Easter Special Part 3- !AUDACIOUS

On my way to !Audacious (yes that is how you spell it, yes you can imagine the kind of annoying excitement they’re trying to expressed) John and I found two tickets to the Harlem Globetrotters outside the MEN Arena from some guy from Warrington who had bought them for £30 each. While neither of us knew anything about the Globetrotters, other than that Pope John Paul II was an honorary globetrotter and they appeared in Futurama, we figured £60 is a horrible amount of money to lose, even if in the form of tickets to fake basketball matches, and so gave it back to the Box Office.

My experience at !Audacious makes me wish we had gone to the Globetrotters. When I came through the door into the main room, (think school hall if you went to school in a garage) I heard the tones of one of the most instantly recognisable baselines in music. No, not the edited version of Handel’s messiah where it goes all slap-bassy, but Parklife by Blur.

Pictured: Not Christian Rock

Now there are a few things that you should know about the Charismatic movement, which !Audacious belongs to. They are remarkably casual, and so I thought this was just the introduction to the service that happened while people were still taking their seats. Charismatic comes from the Greek “charisma“, which means “gift”. It means they place emphasis on the gifts of the Holy Spirit. There is nothing wrong with this in theory. The gifts of the Holy Spirit in the bible are described as; wisdom, understanding, counsel, fortitude, knowledge, piety, and fear of the Lord. I think we can all hope/pray/manifest (delete where applicable) that we receive and actualize these gifts. However, the charismatic movement is often so focused on the Spirit that it forgets the other pillars of the church: the bible and reason, sacrificing them for an intense religious experience that to the uninitiated looks like a mental illness or form of mass hysteria. A lot of charismatics are very moderate and just prefer lively worship services with hands in the air, but !Audacious does not fit into this category. !Audacious didn’t even have the kinds of charismatic behaviours like speaking in tongues or collapsing on the ground that I was expecting.

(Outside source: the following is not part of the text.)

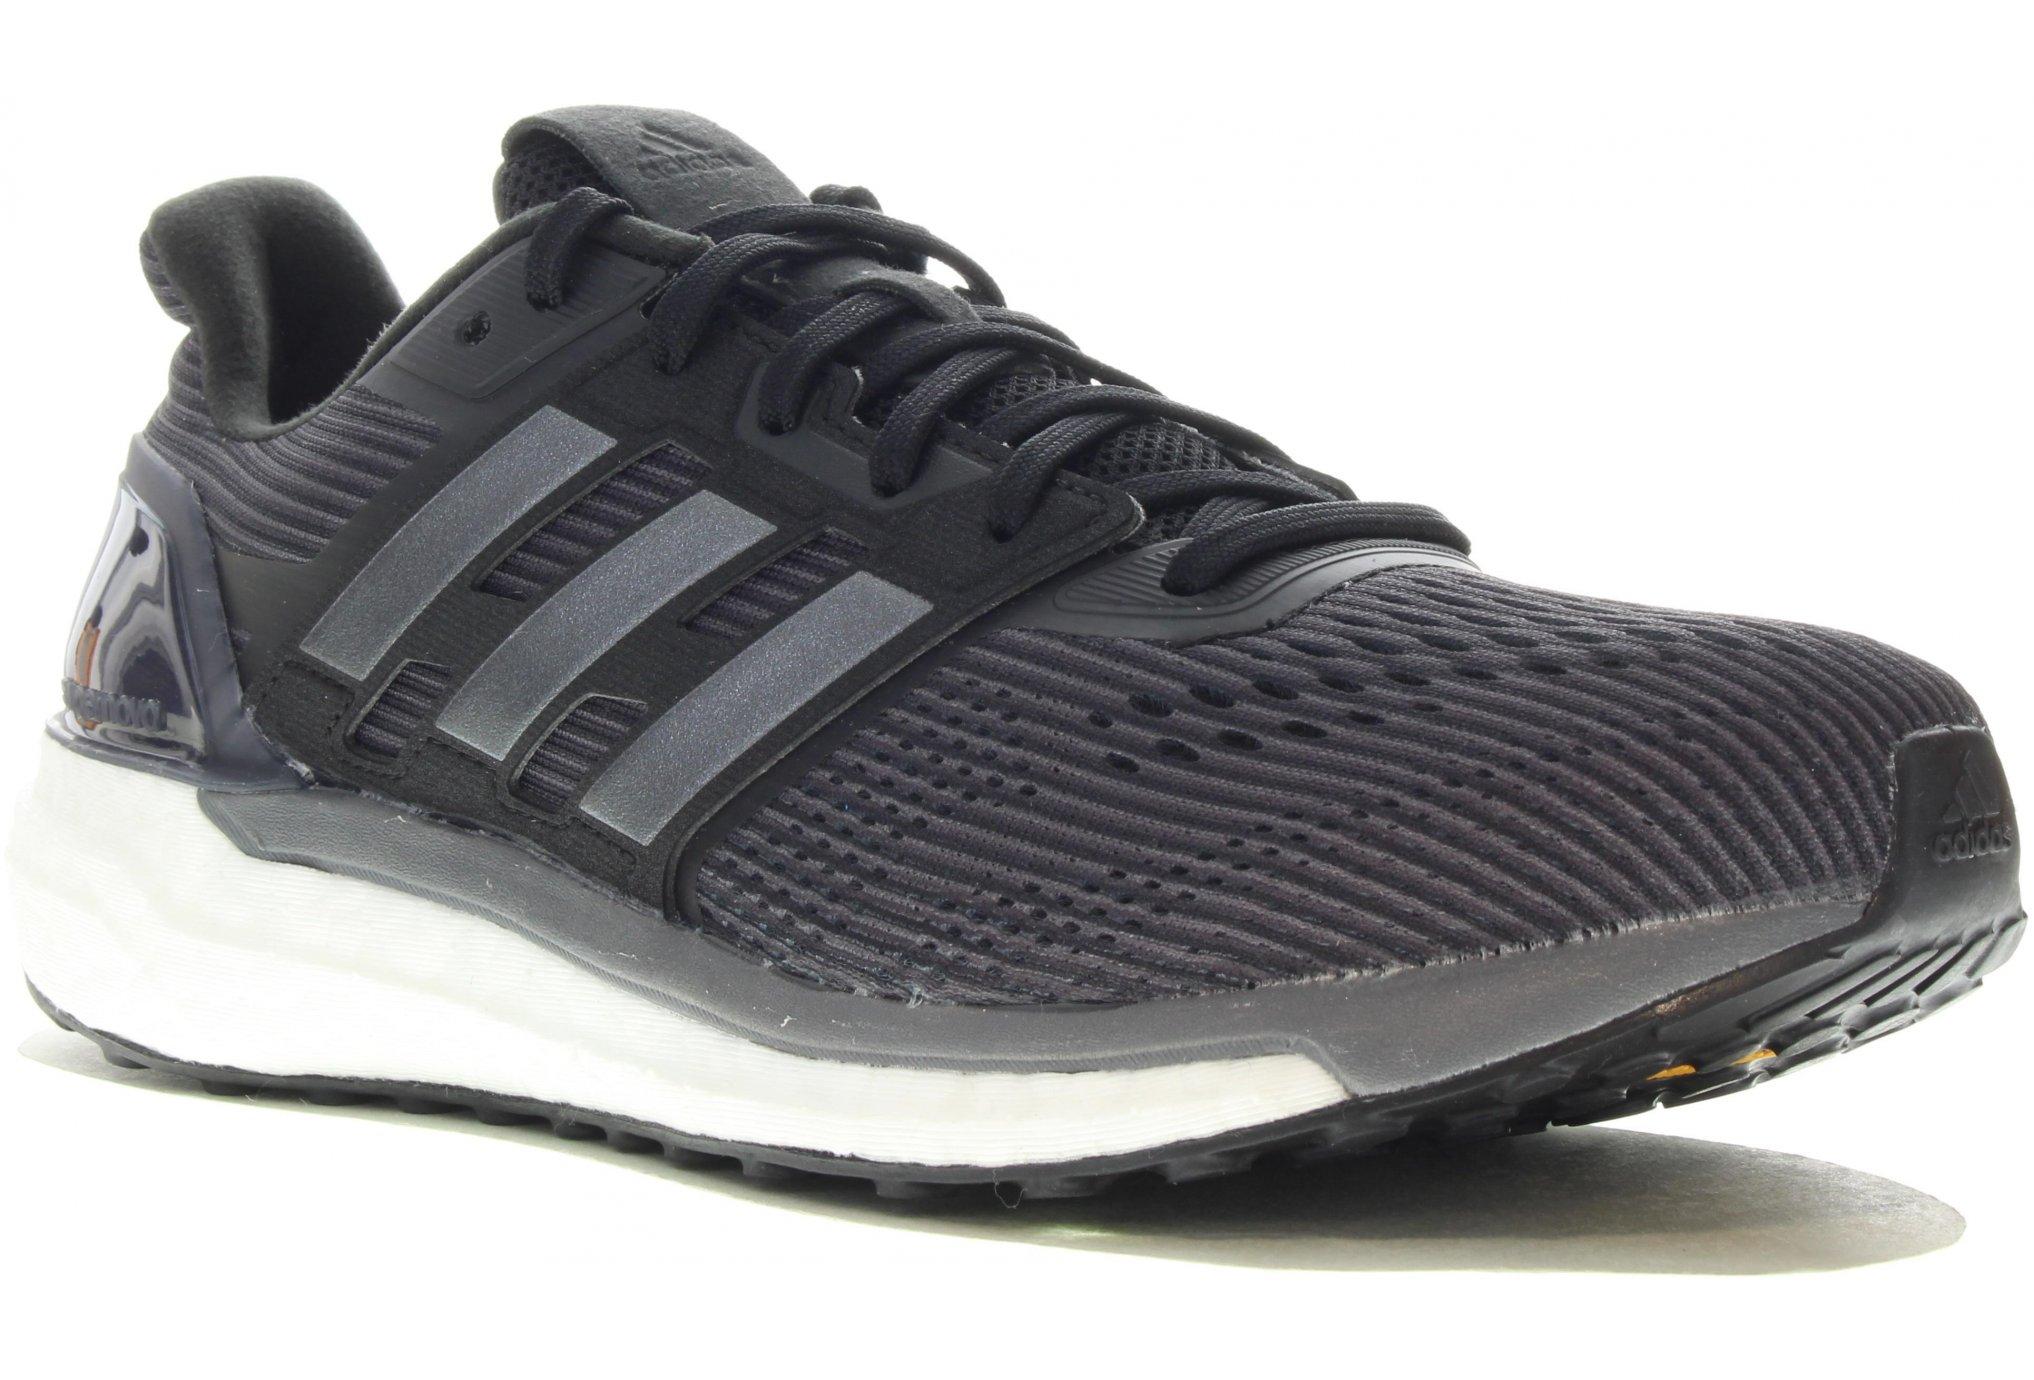 adidas supernova w chaussures running femme 172761 1 fz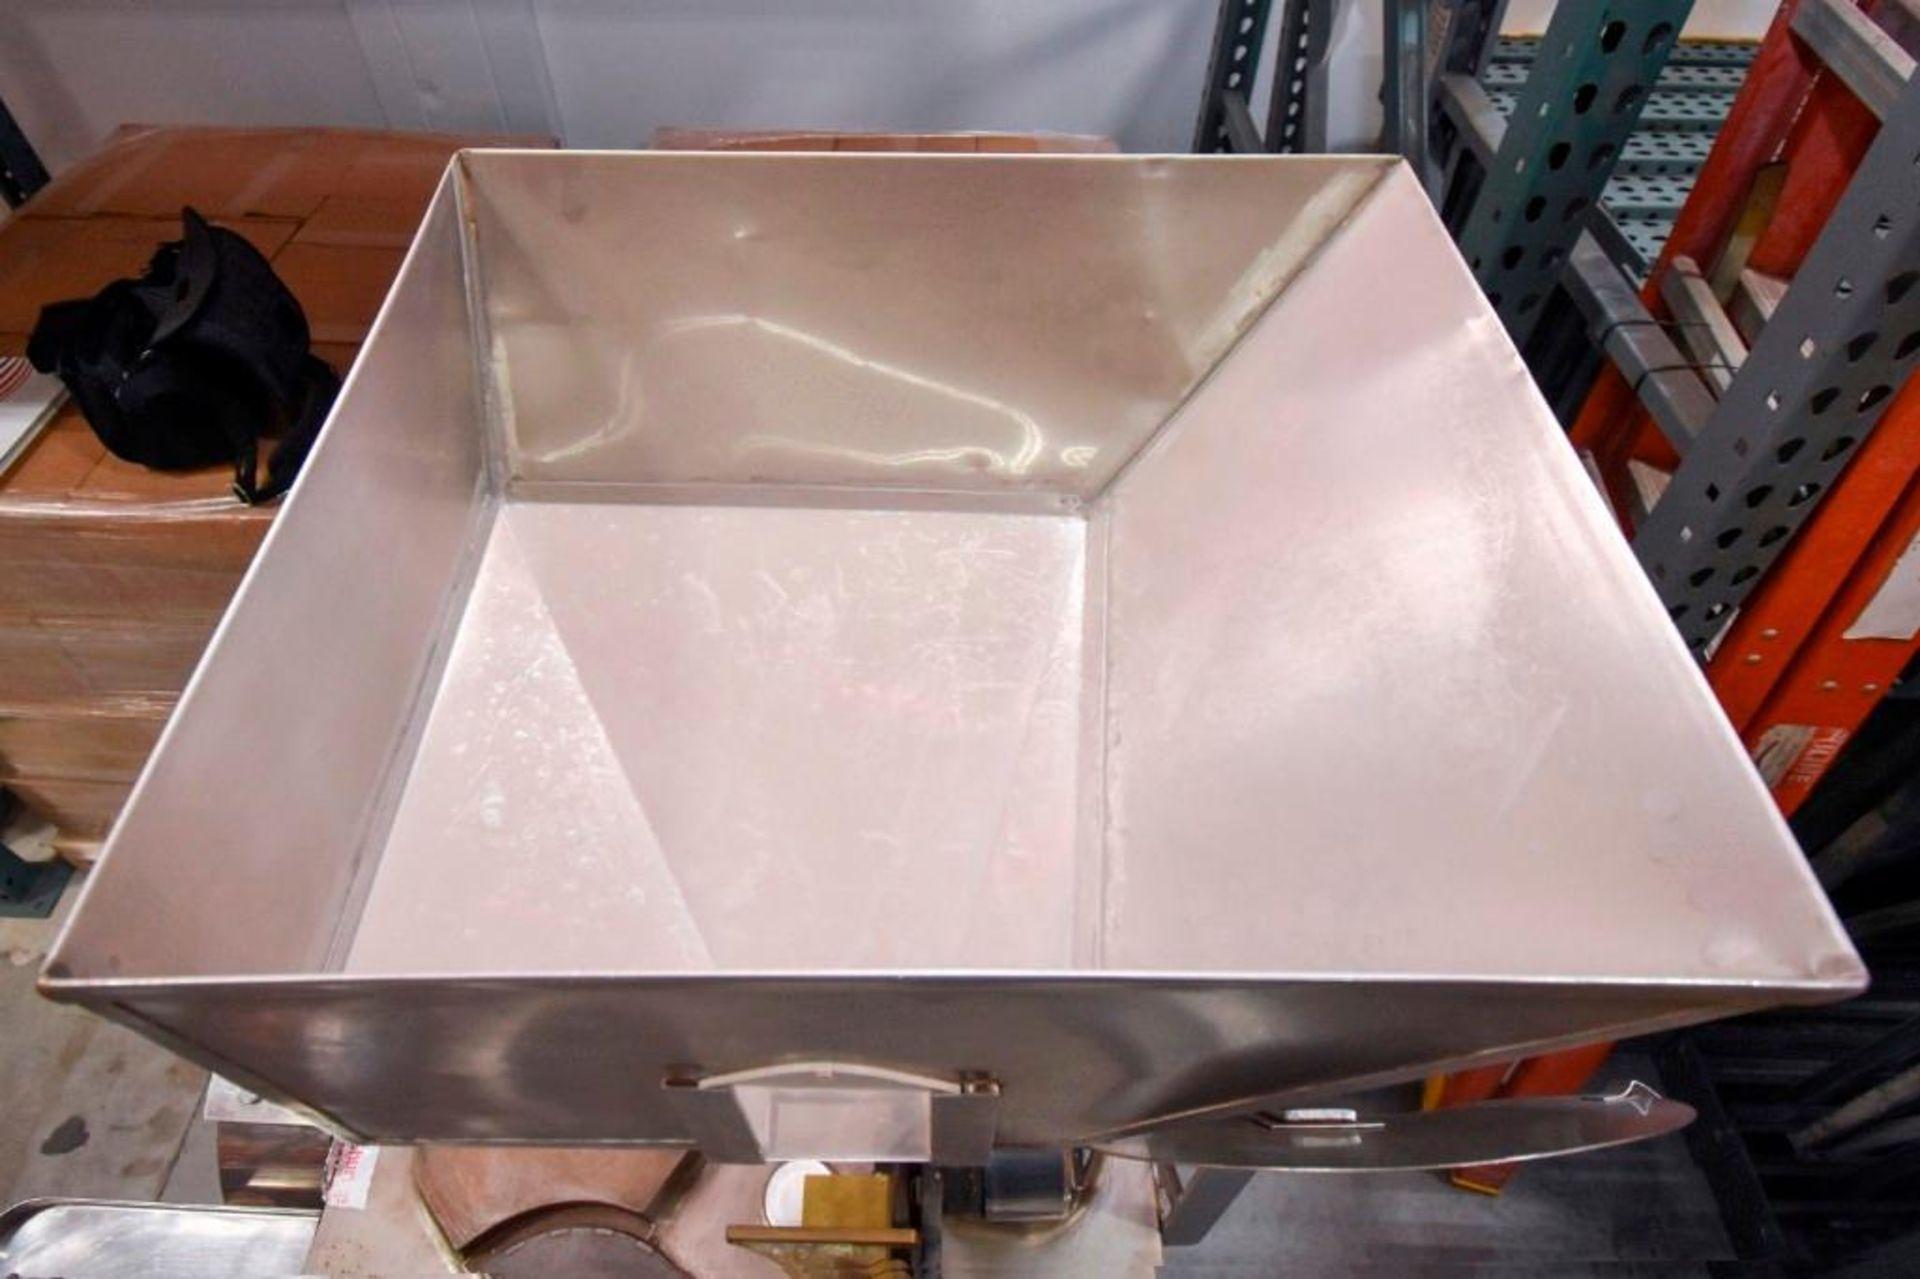 Semi-Automatic Encapsulator MDL 8S - Image 14 of 20

To summarise my experience, !Audacious is entertainment, not worship. It reminded me of a variety show: there were songs, comedy sketches, performances, cartoons on the TVs, and to top it all off, a Barney the Dinosaur kind of guy in a costume. (There were very few kids, but the adults all seemed to love the “Kid’s Croc.”) I got a feeling that all this was building towards something, but I’m not sure quite what. There was a bit of a theme of body dysmorphia, but this was so interspersed with adverts for the latest !Audacious CD (£10.99) and pledges for money (“we accept cash, card or cheque!”) that it took on a mildly sinister appearance in light of the service just an hour earlier decrying the perils of consumerism. I was waiting for theological content or scriptural reading, or spiritual contemplation, but it never came. In all fairness, I left after about forty-five minutes. But forty-five minutes is a long time in an atmosphere where you feel entirely alien, and forty-five minutes is a long time for neither God nor Jesus to be mentioned once in a church service. The bible was treated as a cursory text to explain why the pastor was so generous and giving.  This kind of service isn’t designed for someone like me: I am educated and middle-class and already have a relationship to my faith that I have critically self-reflected upon. !Audacious is largely a missionary organisation that evangelises to people from poor backgrounds who do not feel part of traditional church communities. Things such as showing the BBC cartoon Creature Comforts will no doubt be conceptualized as “making church fun!” and the people dressed in bunny costumes bouncing on space-hoppers who entered the room would be “making church family friendly!” The Ghostbusters theme tune which was, no joke, played by the worship band, would probably be seen as a cultural reference point. But if all you are doing is copying popular culture while asking for donations, but without mentioning God, in what sense are you truly a church?